Vllt. kann mir ja einer von euch helfen.

Basti


----------



## euMelBeumel (28. Oktober 2011)

ATAPI 44 ist nur der Name der Steckerform für die 2,5" Platten, diese haben 44 anstatt der normalen 40 Pins von normalen PATA-Steckern, da hier gleich noch die Versorgungsspannung mit eingespeißt wird.
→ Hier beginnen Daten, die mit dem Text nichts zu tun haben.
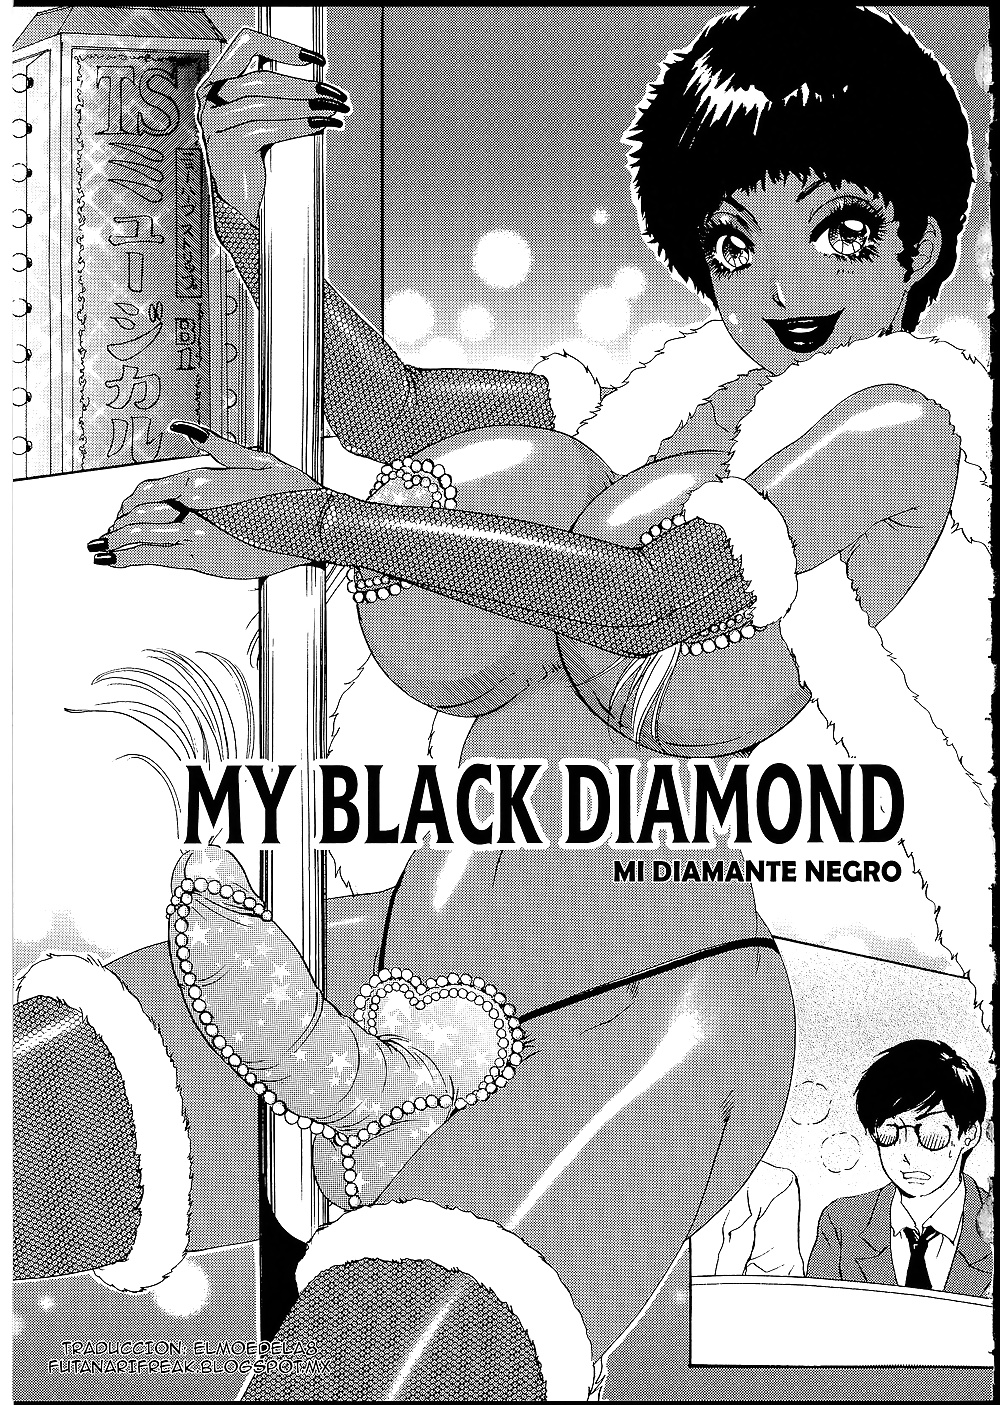 My black diamond #38611678

Der eigentliche DMA-Modus hängt dann eigentlich nur von der Platte und dem Mainboard ab, allzu schnell werden die Platten aber nicht sein, hängt natürlich außerdem noch von der Umdrehungsgeschwindigkeit ab, würde jetzt tollkühner weise auf 30-50MB/s tippen.


----------



## SebastianJ (28. Oktober 2011)

Also danke erst mal für deine schnelle Antwort 
Mir war schon klar das die nicht so schnell ist wie SATA
aber ich konnte halt auf der Festplatte nix finden außer
das sie mit 5200 rpm läuft.
Soll ja auch nur zum auslagern sein und für umsonst kann man
ja über sowas eigentlich nicht merkern auch wenn  sie etwas 
älter sind


----------



## euMelBeumel (28. Oktober 2011)

Solange sie laufen, ihre Daten sicher behalten und nur als Datenlager dienen braucht man keine 100+ MB/s, da sind ein paar rpm weniger meiner Meinung nach sogar besser, da leiser und energiesparender. Ich glaube die 2,5" Platten waren früher nicht so gut beschildert, war zumindest auch so bei denen die ich in der Hand hatte, außer rpm und Produktionsdatum stand da meist nix^^


----------



## Dr Bakterius (29. Oktober 2011)

So wie ich das sehe ist der Aufwand umsonst, dein Board hat keinen IDE Port wo man die Platten anklemmen könnte. Damit dürfte die Aktion gestorben sein wenn es das Board aus der Signatur ist. Bei der Plattengröße würde ich noch auf einen sehr langsamen UDMA Modus tippen der vielleicht max. die Hälfte des S ATA Standards bietet und dann kommt auch noch der langsame Speed der Platte dazu. Ich glaube die Daten auf einen Zettel schreiben würde schneller gehen


----------



## SebastianJ (29. Oktober 2011)

@Dr Bakterius 

Ich besitze noch einen zweit PC der nur für Office
und für die Arbeit ist.
In dem Arbeitet ein AMD Athlon 64 X2 5200+ 2,71 Ghz, ein N68C-S UCC und 4 GB DDR2.
Auf dem Board sollen die Platten angeschlossen werden.

@euMelBeumel

Die Platten sind wirklich schlecht beschrieben.
Dafür ist aber ganz groß erklärt wie die Jumper setzten soll!


----------



## euMelBeumel (29. Oktober 2011)

Achja das Jumpern, Master und Slave und so - waren das noch Zeiten...


----------



## Dr Bakterius (29. Oktober 2011)

OK da ist ein P ATA Kanal vorhanden, im Vorfeld erwähnt hätte es den Kommentar erspart. Mußt du es halt mal probieren, und ca 6 Taler bringen einen ja nicht ins Armenhaus


----------